Ed allora fermiamoci un attimo ad osservare, da esterni, a quali persone si siano affidati i giudici per emettere le loro sentenze e mandare in carcere la madre di Samuele Lorenzi. Per cui partiamo dalle otto e cinquanta del giorno dell'omicidio, quando grazie alle telefonate dei dottori dell'elisoccorso, che parlavano di una morte "strana" e non naturale, sulla scena del crimine sono entrati i carabinieri di Cogne che, anziché chiudere gli ingressi alla casa e controllare la Franzoni, hanno permesso che entrasse sul luogo della morte una mandria di scalmanati che ha lasciato le sue pedate e le sue impronte in ogni dove, che ha spostato oggetti e piumone, che ha usato il bagno ed ha percorso la scala interna ed esterna a suo piacimento. Non v'è dubbio che il loro comportamento abbia danneggiato la Difesa ed avvantaggiato l'assassino. Se avessero fatto quanto dovevano, se avessero trovato nello zaino della madre un oggetto insanguinato, il caso avrebbe trovato subito una facile soluzione. Non ci fosse stato nulla, nessuno a processo avrebbe potuto insinuare che l'arma poteva essere nascosta nello zaino. Se sulla maniglia dell'ingresso si fossero trovate impronte estranee alla famiglia, si sarebbe potuto dire che qualcun altro era entrato in quella casa in sua assenza... non ci fossero state la madre era l'unica da indagare e condannare. Ma non abbiate paura, quei carabinieri non faranno più disastri... nel 2003 la caserma fu smantellata.

Ora passiamo oltre ed arriviamo a quando le indagini finirono nelle mani della procura di Aosta, il cui procuratore capo era la dottoressa Del Savio Bonaudo. Fu lei che assieme ai carabinieri ed ai suoi Pm, addolorata dalle offese che sentiva dalla voce dei familiari della Franzoni ad ogni intercettazione (la consideravano inidonea ad indagare), già certa della colpevolezza della donna (come dalla stessa detto quando fu intervistata da Radio 24), non riuscì a decifrare l'ordine giusto degli orari in cui si svolsero le chiamate di aiuto: al 118, alla dottoressa Satragni ed all'ufficio del marito. Addirittura non riuscì neppure a cronometrare la telefonata più lunga. Tanto che negli atti, in tutti gli atti ed in tutti i processi, i giudici hanno giudicato in base ad una telefonata della durata di 77 secondi, fu accettata anche dal Taormina (l'avvocato che ora vuole 800.000 euro dalla Franzoni), quando è dimostrato che di secondi ne dura 100, ben 23 in più.

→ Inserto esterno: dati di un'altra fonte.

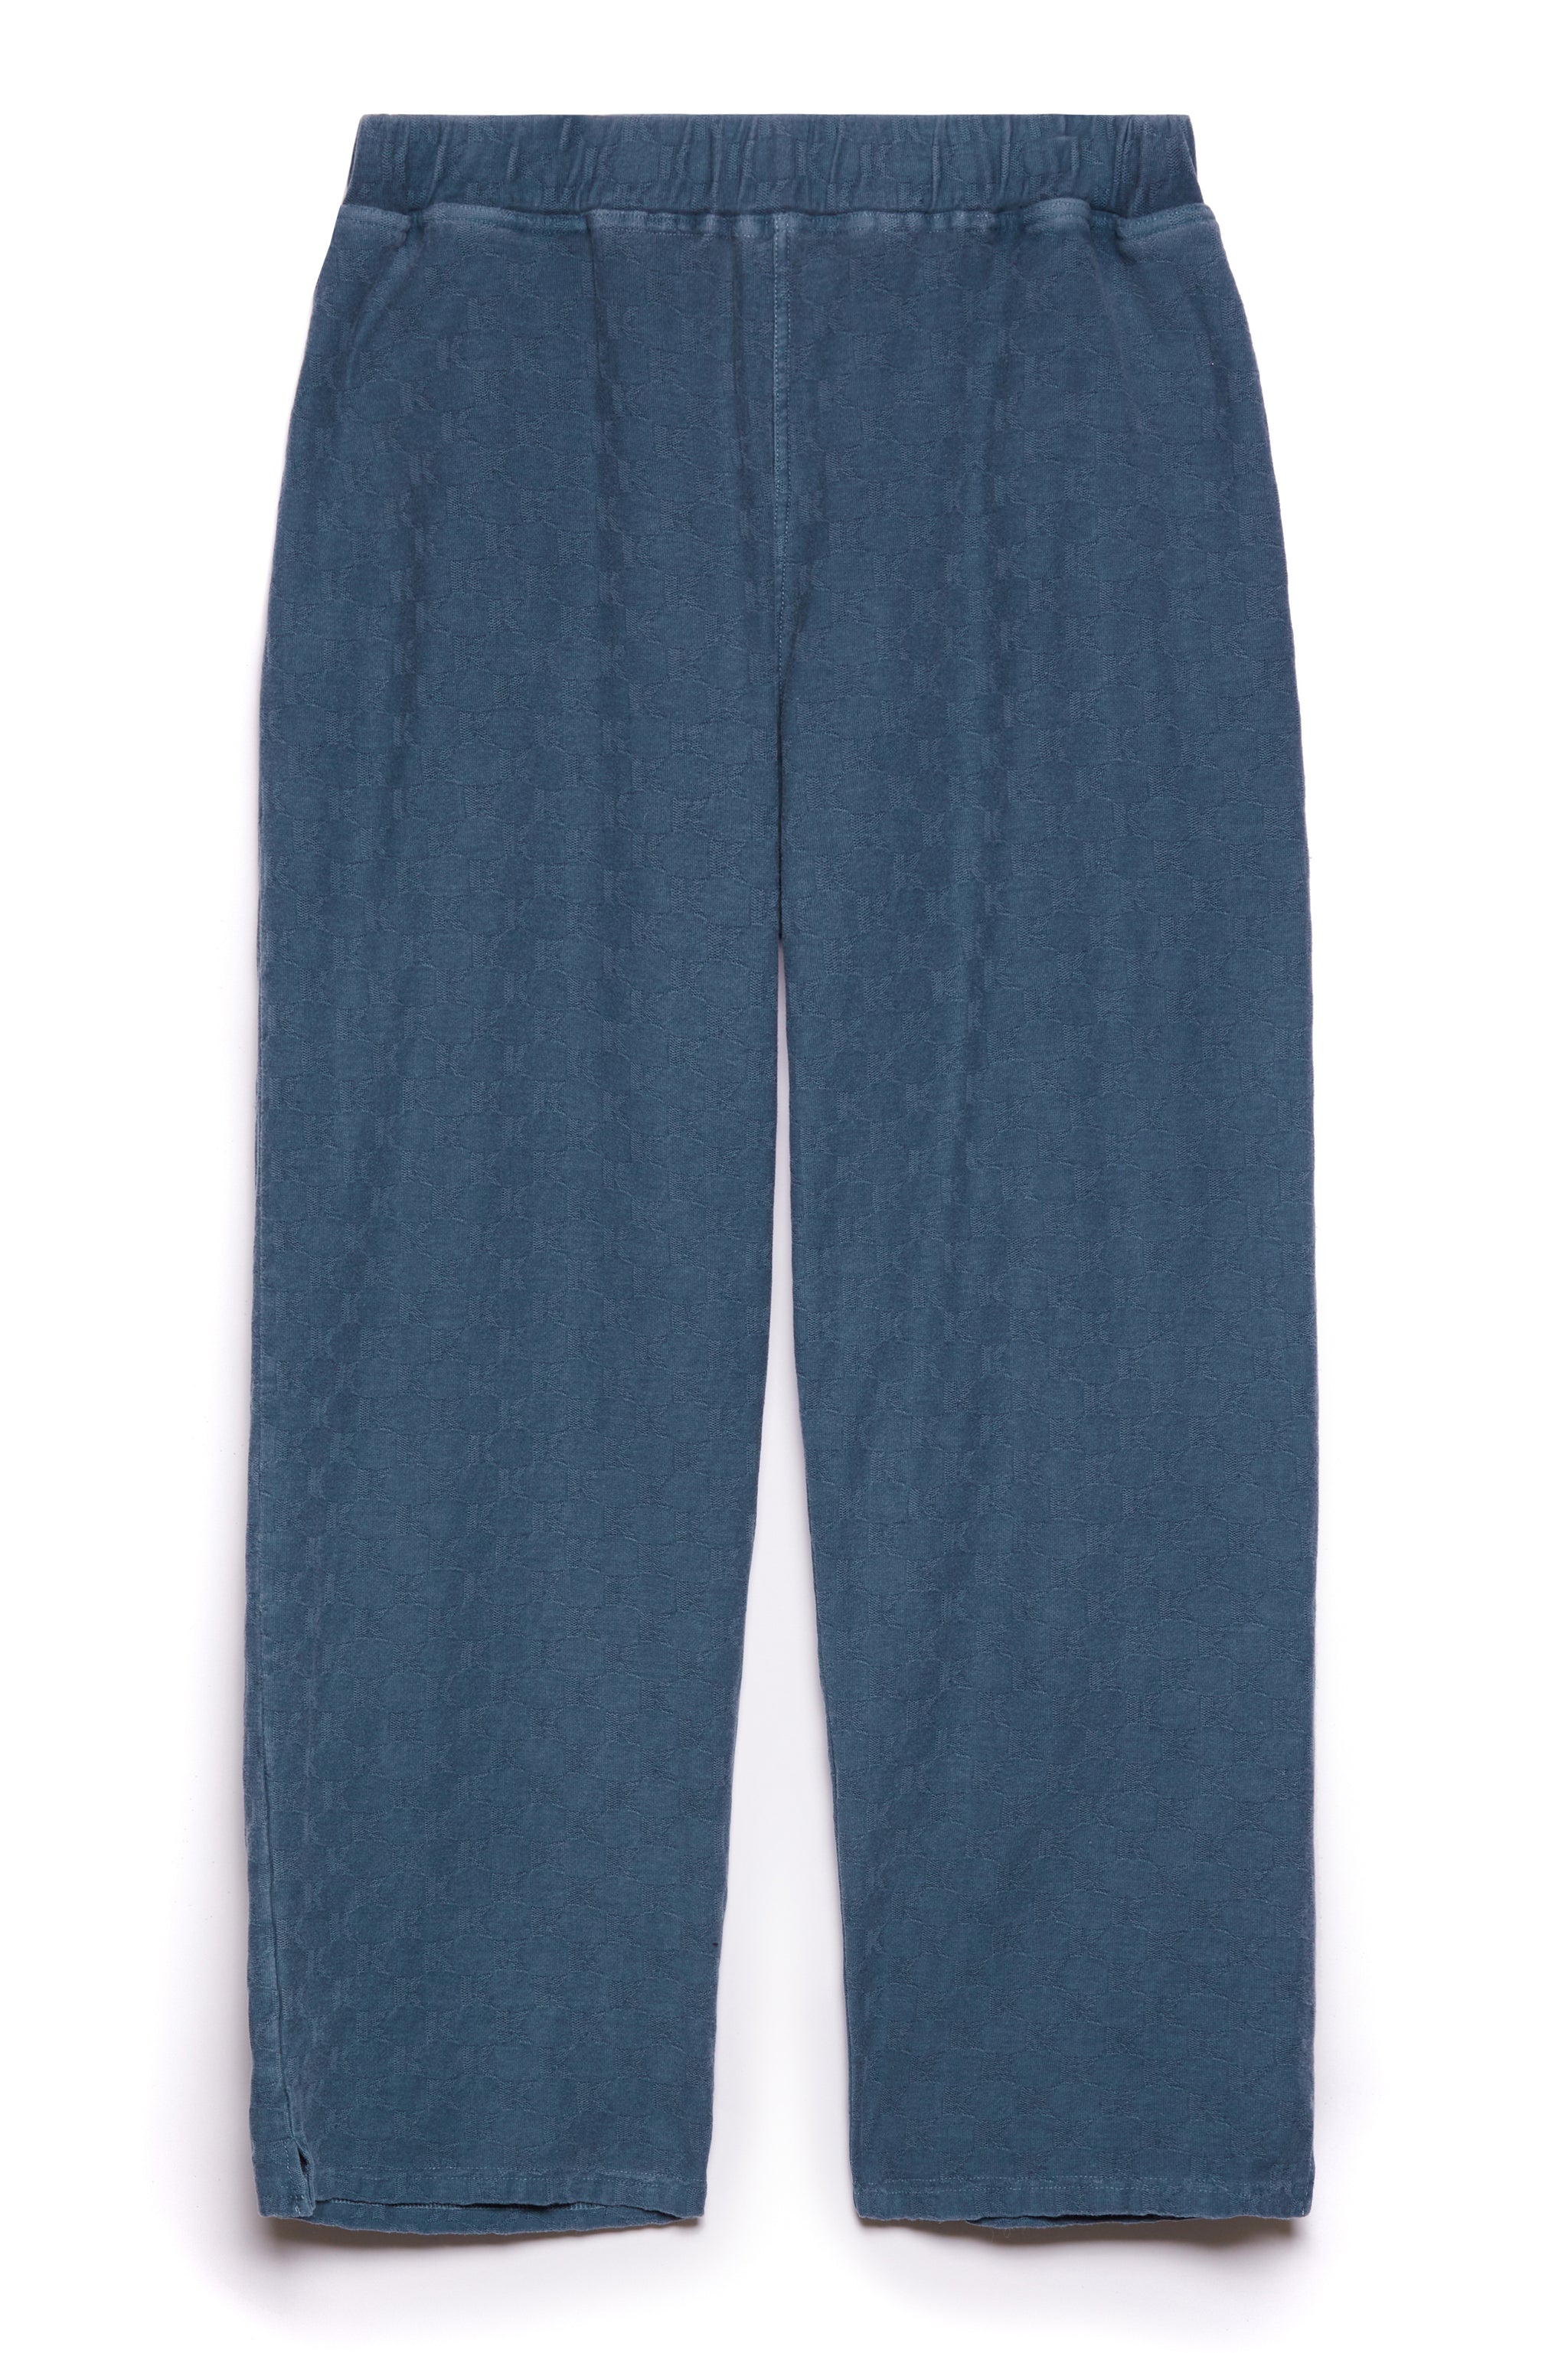 KOTTONS Stamped Wide-Leg Joggers in Denim Blue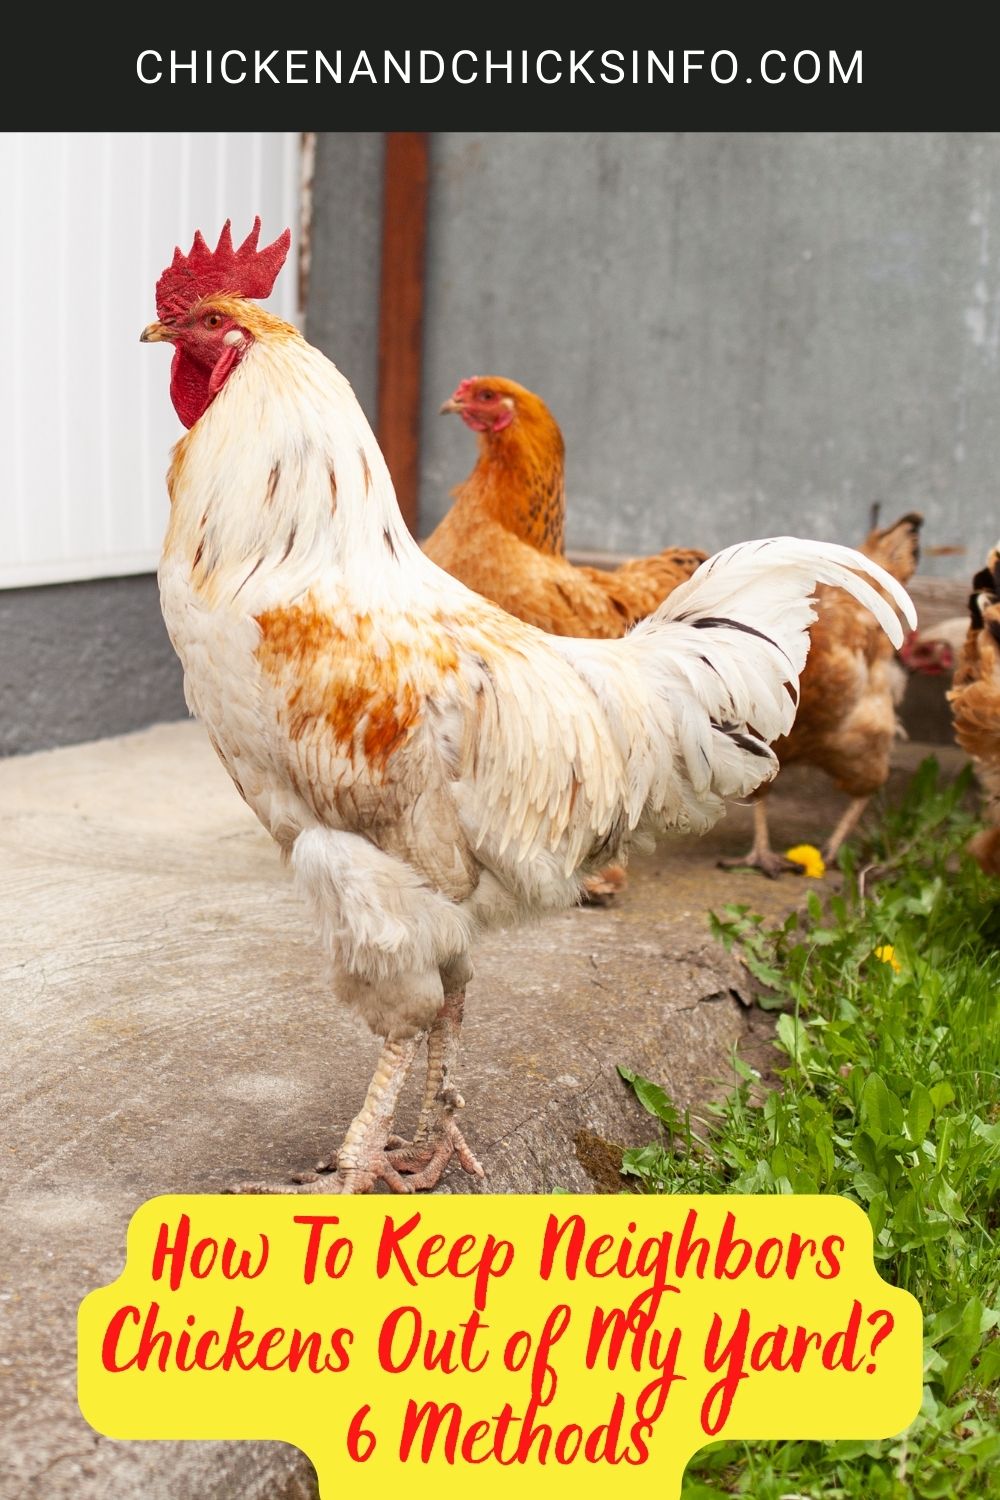 How To Keep Neighbors Chickens Out of My Yard? 6 Methods poster.

E visto che il giudice Pettenati (Appello) ha scritto che non è credibile vi siano sfasature di troppi secondi fra una telefonata e l'altra, è facile capire quanto quei 23 secondi fossero importanti per far aumentare le sfasature ed aiutare la Corte a capire qualcosa in più sul castello diroccato propinatole dall'Accusa. Tutto fu davvero fatto in buonafede e per ignoranza aritmetica della procuratrice, dei suoi Pm e dei carabinieri? Forse è così, forse la matematica non serve quando si indaga, anche se informandosi sulla ex Pm Stefania Cugge, ed imparando ad apprezzare la sua intelligenza superiore alla media, pare impossibile non se ne sia accorta da subito. Come pare impossibile sia stata lei, in accordo col suo capo, giust'appunto la dottoressa Del Savio Bonaudo, a decidere di non toccare i vicini di casa perché provvisti di un alibi.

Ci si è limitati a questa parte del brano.